Visit ASIAA Homepage Abstract Submission Deadline: May 1st, 2024
Registration Deadline: early June 2024
Localization of fast radio bursts in Taiwan 2024
June 24(Mon)-27(Thu), 2024
National Ilan University, Yilan City, Yilan County, Taiwan

Poster Presentation

A New Insight into Electron Acceleration Properties from Theoretical Modeling of Double-peaked Radio Light Curves in Core-collapse Supernovae

Author(s): Tomoki Matsuoka (ASIAA); Shigeo S. Kimura (Tohoku Univ.); Keiichi Maeda (Kyoto Univ.); Masaomi Tanaka (Tohoku Univ.)

Presenter: Tomoki Matsuoka (Academia Sinica Institute of Astronomy and Astrophysics/ASIAA)

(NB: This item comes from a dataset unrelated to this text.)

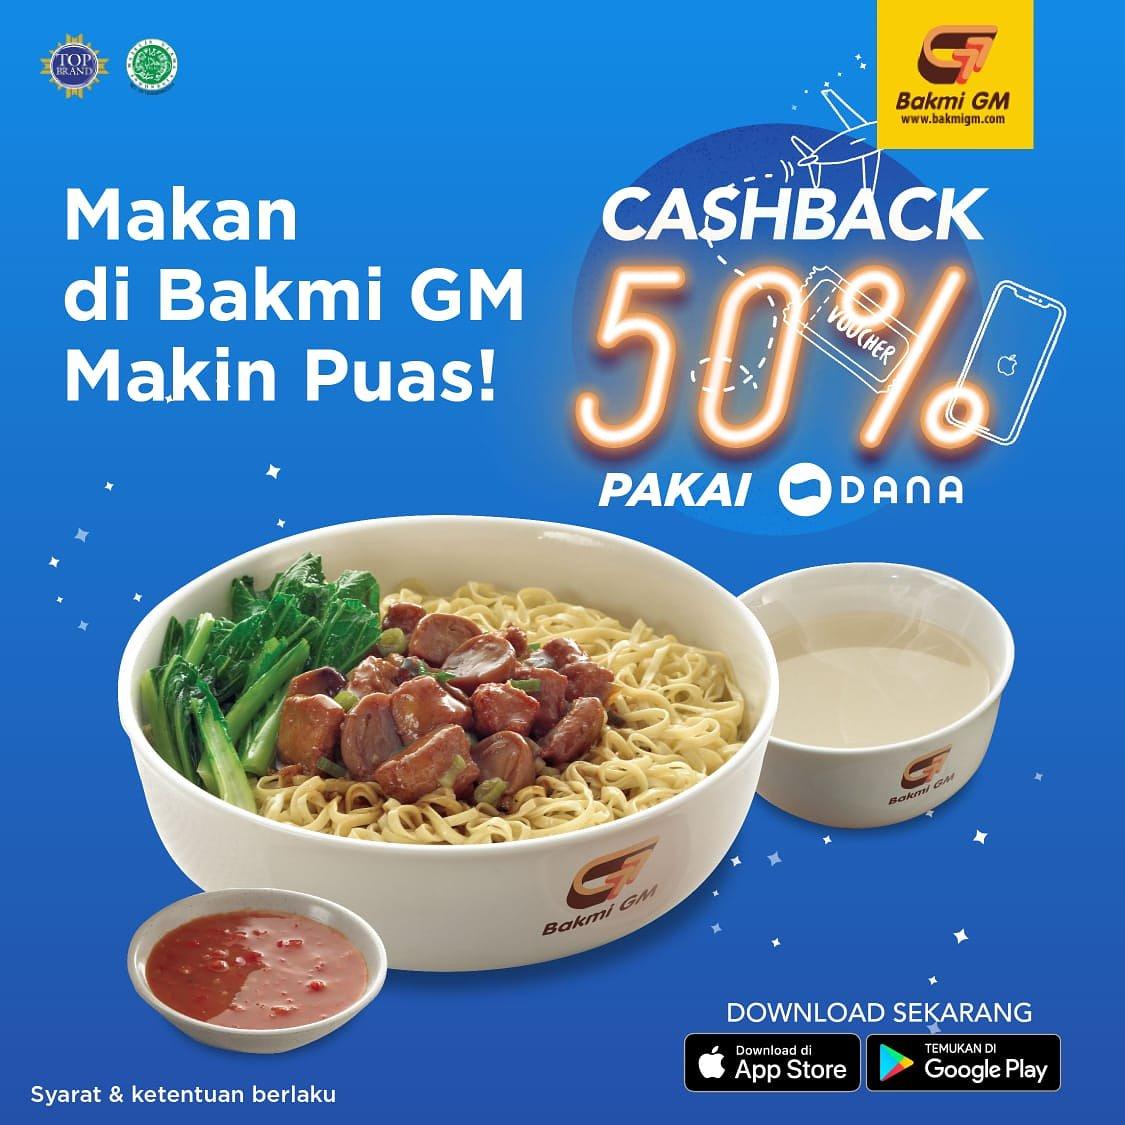 #BakmiGM - #Promo Cashback 50% Makan Puas Pakai Dana (s.d 31 Maret 2019)

It is recognized that some core-collapse supernovae (SNe) show a double-peaked radio light curve within a few years since the explosion. A shell of circumstellar medium (CSM) detached from the SN progenitor has been considered to play a viable role in characterizing such a rebrightening of radio emission. Here, we propose another mechanism that can give rise to the double-peaked radio light curve in core-collapse SNe. The key ingredient in the present work is to expand the model for the evolution of the synchrotron spectral energy distribution (SED) to a generic form, including fast and slow cooling regimes, as guided by the widely accepted modeling scheme of gamma-ray burst afterglows. We show that even without introducing an additional CSM shell, the radio light curve would show a double-peaked morphology when the system becomes optically thin to synchrotron self-absorption at the observational frequency during the fast cooling regime. We can observe this double-peaked feature if the transition from the fast cooling to slow cooling regime occurs during the typical observational timescale of SNe. This situation is realized when the minimum Lorentz factor of injected electrons is initially large enough for the nonthermal electrons' SED to be discrete from the thermal distribution. We discuss the possible application of our model for SN 2007bg and other high-energy astrophysical phenomena such as fast radio bursts, from the perspective of the treatment of nonthermal electrons' SED.